* [Data under study]

-- Opening Marker --

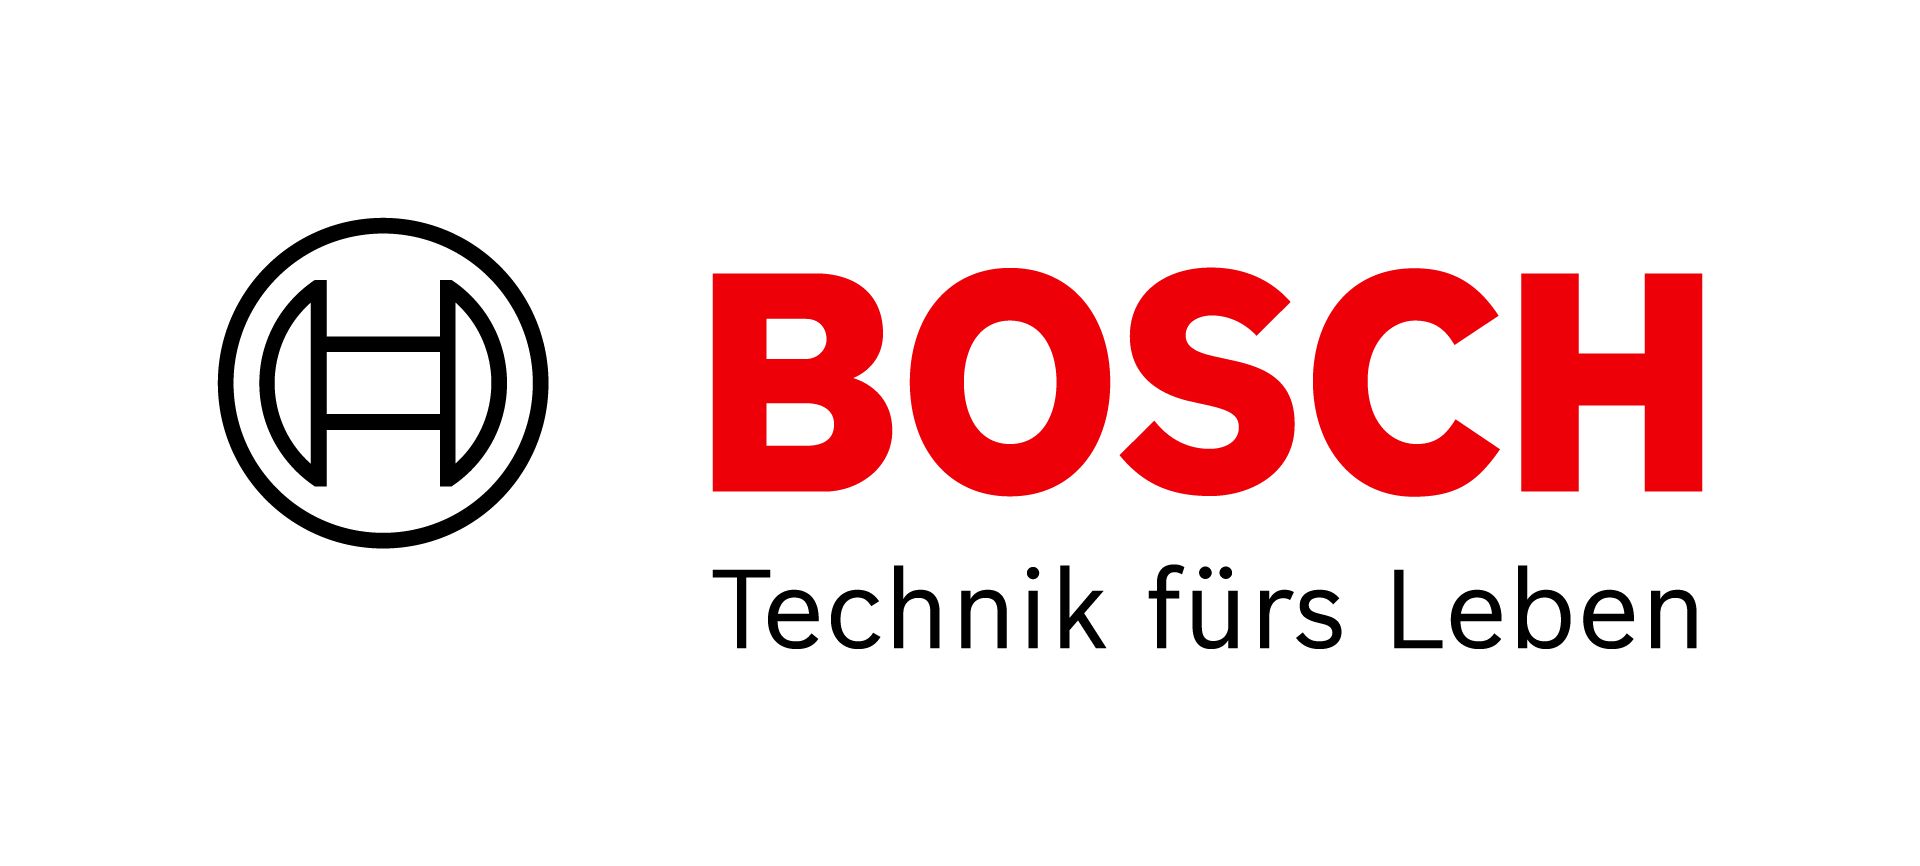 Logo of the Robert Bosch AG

-- Closing Marker --
-- Opening Marker --

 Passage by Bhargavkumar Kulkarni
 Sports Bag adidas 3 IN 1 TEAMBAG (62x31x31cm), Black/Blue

-- Closing Marker --
-- Opening Marker --

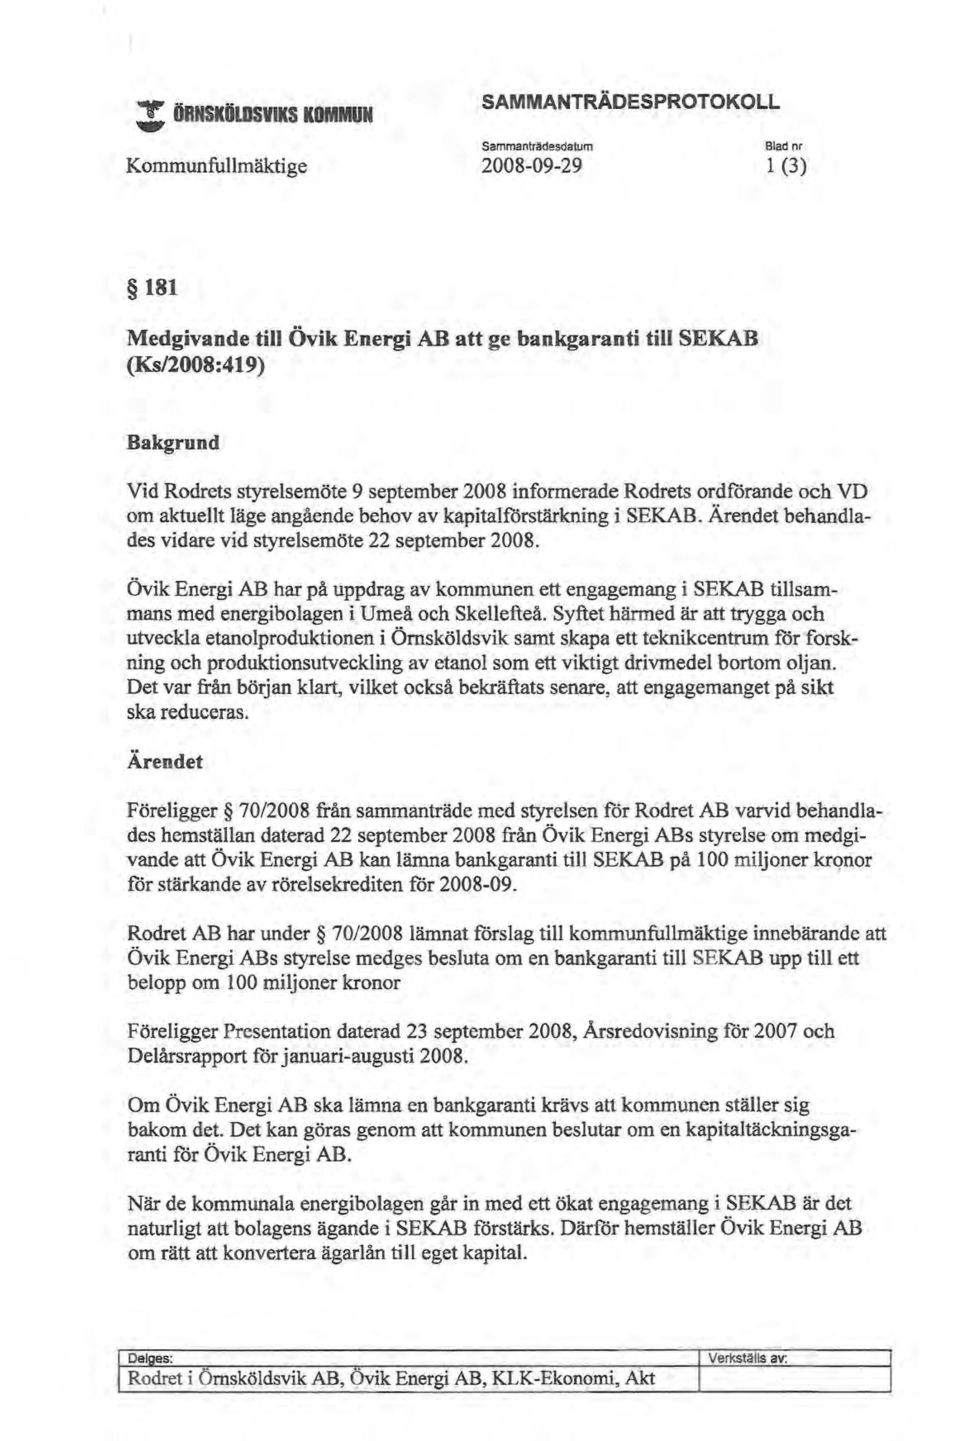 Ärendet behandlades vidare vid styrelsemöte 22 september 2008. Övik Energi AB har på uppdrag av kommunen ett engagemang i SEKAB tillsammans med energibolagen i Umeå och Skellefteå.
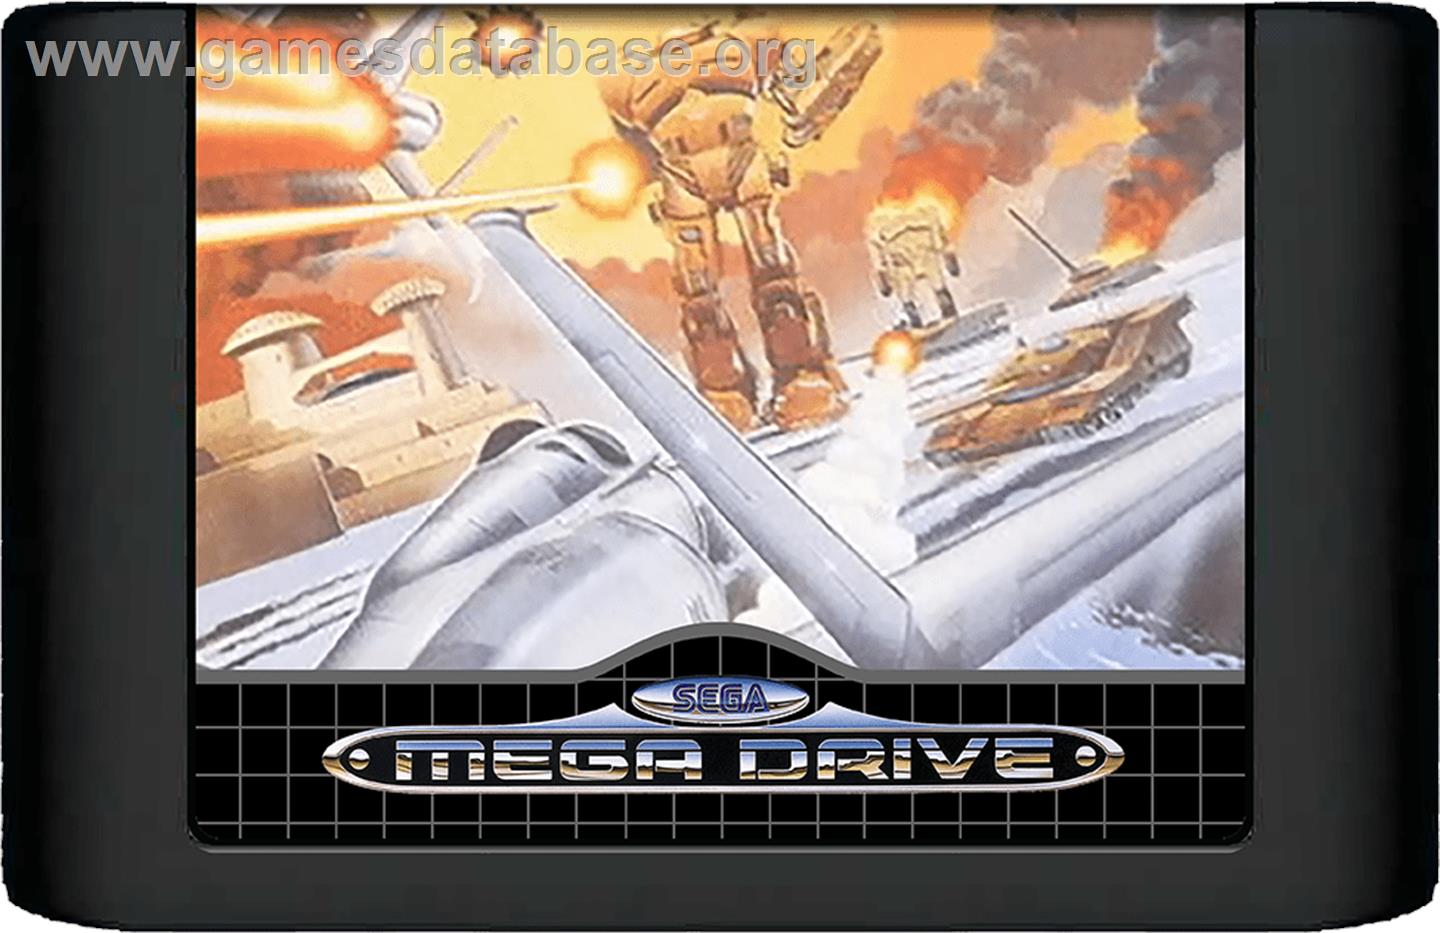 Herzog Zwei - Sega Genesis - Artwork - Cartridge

-- Closing Marker --

* [What is needed] Every line above from the line with "Passage by Bhargavkumar Kulkarni" to the line with "Sports Bag adidas" is wanted, ends included; write them out exactly and add no other line.

* [Exercise answer]
 Passage by Bhargavkumar Kulkarni
 Sports Bag adidas 3 IN 1 TEAMBAG (62x31x31cm), Black/Blue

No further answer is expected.